An exceptional anomaly of the coronary venous drainage: anatomic description

Cardiol Young. 2024 Nov 18:1-5. doi: 10.1017/S1047951124025423. Online ahead of print.

Abstract

Background: Anomalies of the coronary sinus are rare in the general population but are more frequent in patients with congenital heart defects. Whatever the cardiac anatomy, the coronary sinus is invariably located in the left atrioventricular sulcus, inferior to the wall of the morphologically left atrium.

Methods: A complete morphological examination of a fetal cardiac specimen of the M3C collection, according to segmental analysis, was performed by two observers.

Results: We report here for the first time a cardiac specimen with a venous channel receiving the majority of coronary veins, located in the right atrioventricular sulcus and therefore inferior to the wall of the morphologically right atrium, in a fetal cardiac specimen with congenitally corrected transposition in situs solitus.
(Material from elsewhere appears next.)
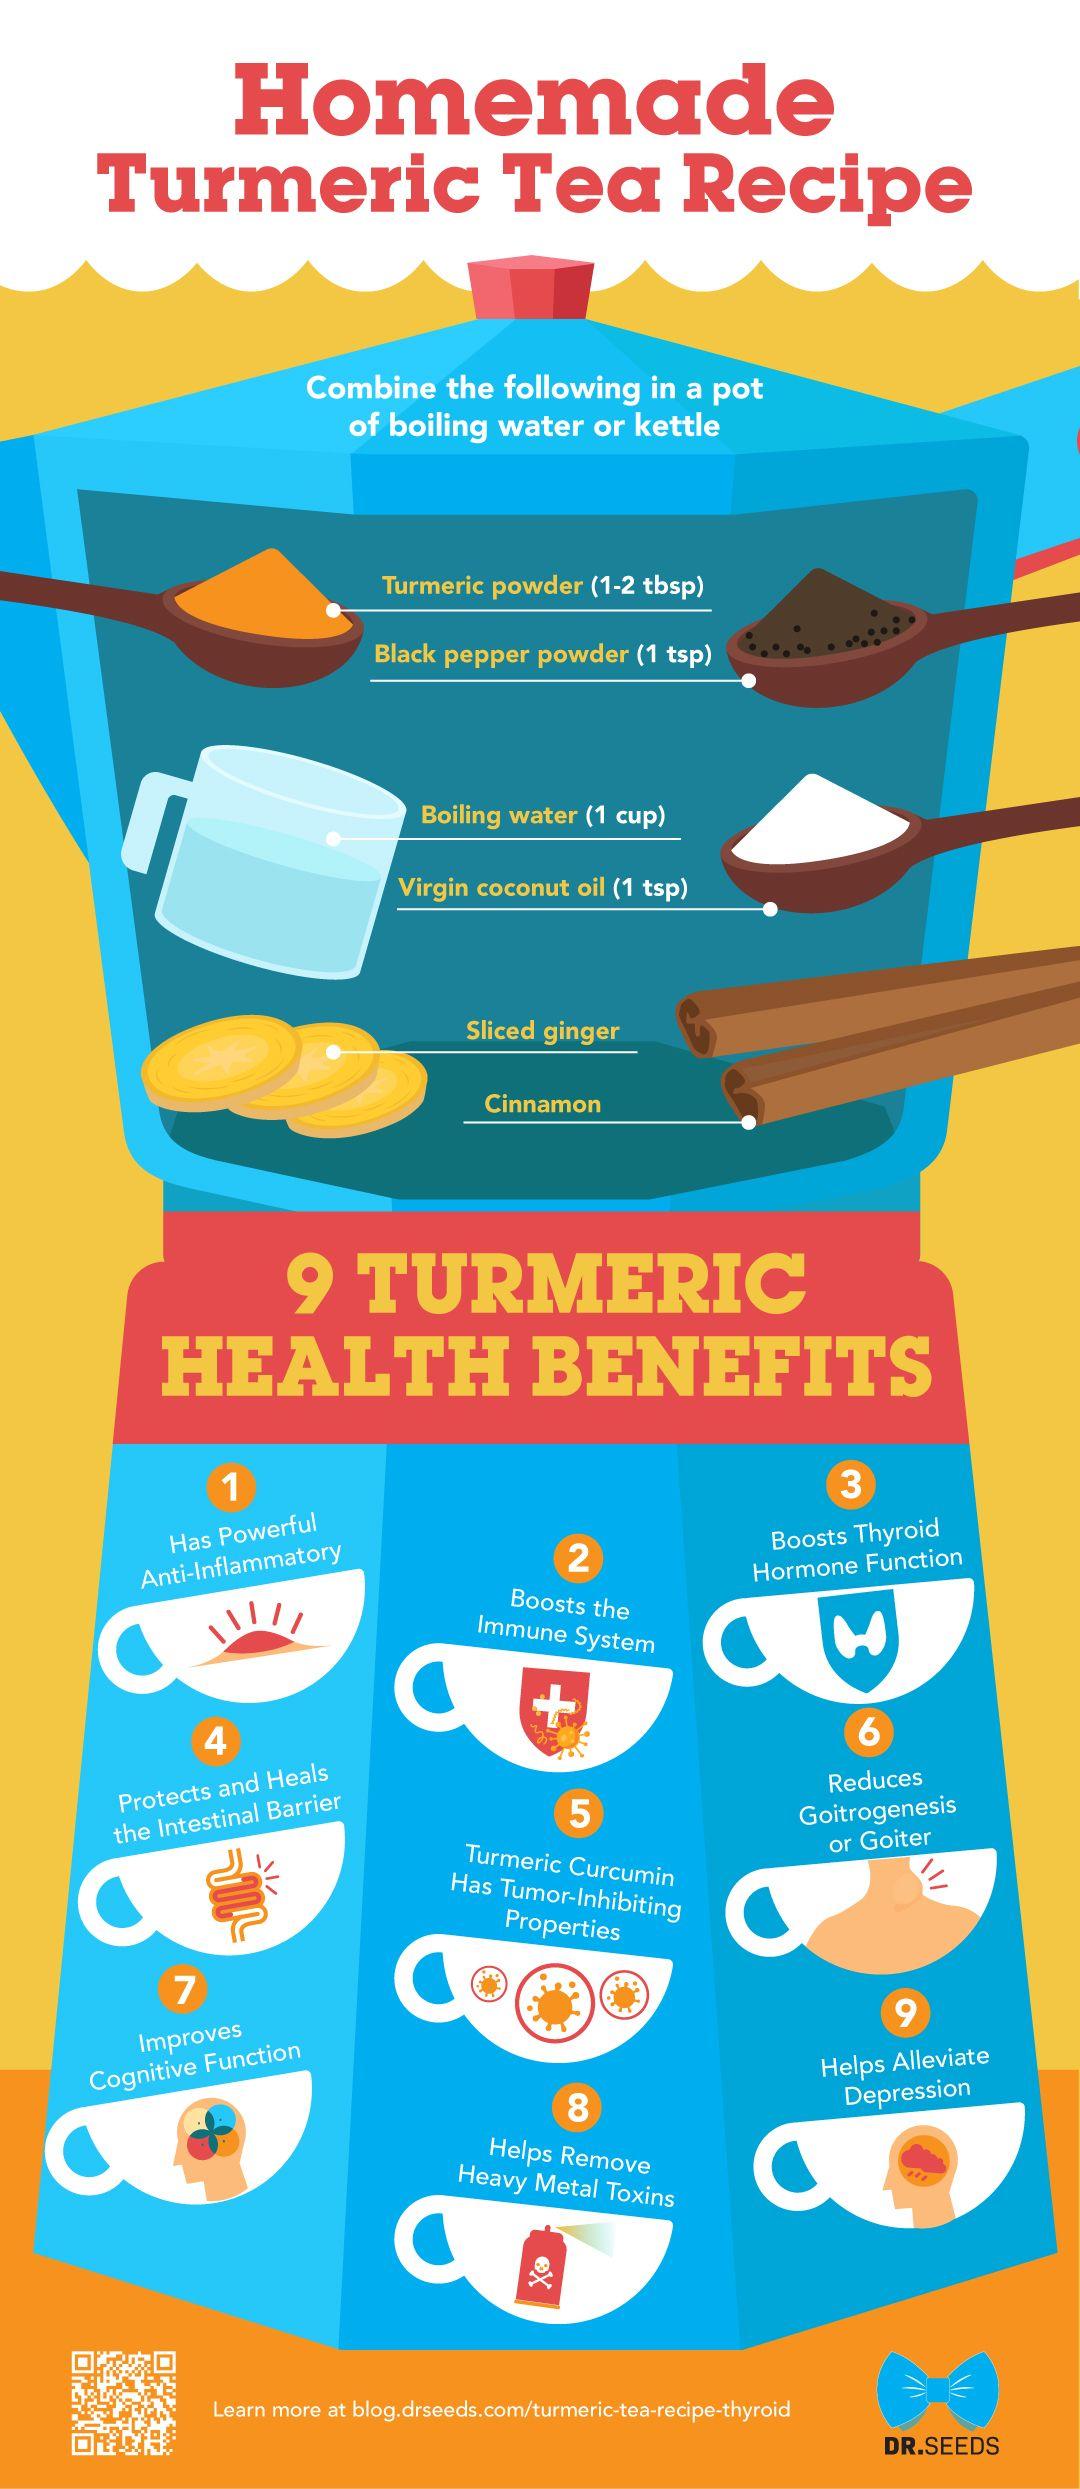 How To Brew Homemade Turmeric Tea

In addition, the anatomy of the venous drainage of the heart was mirror-imaged to that observed in a normal heart and different compared to that usually observed in congenitally corrected transposition.

Conclusion: This very particular anatomy occurring in association with congenitally corrected transposition might be related with an additional disturbance in the laterality pathway.

Keywords: Congenitally corrected transposition of the great arteries; cardiac morphology; coronary sinus anomaly.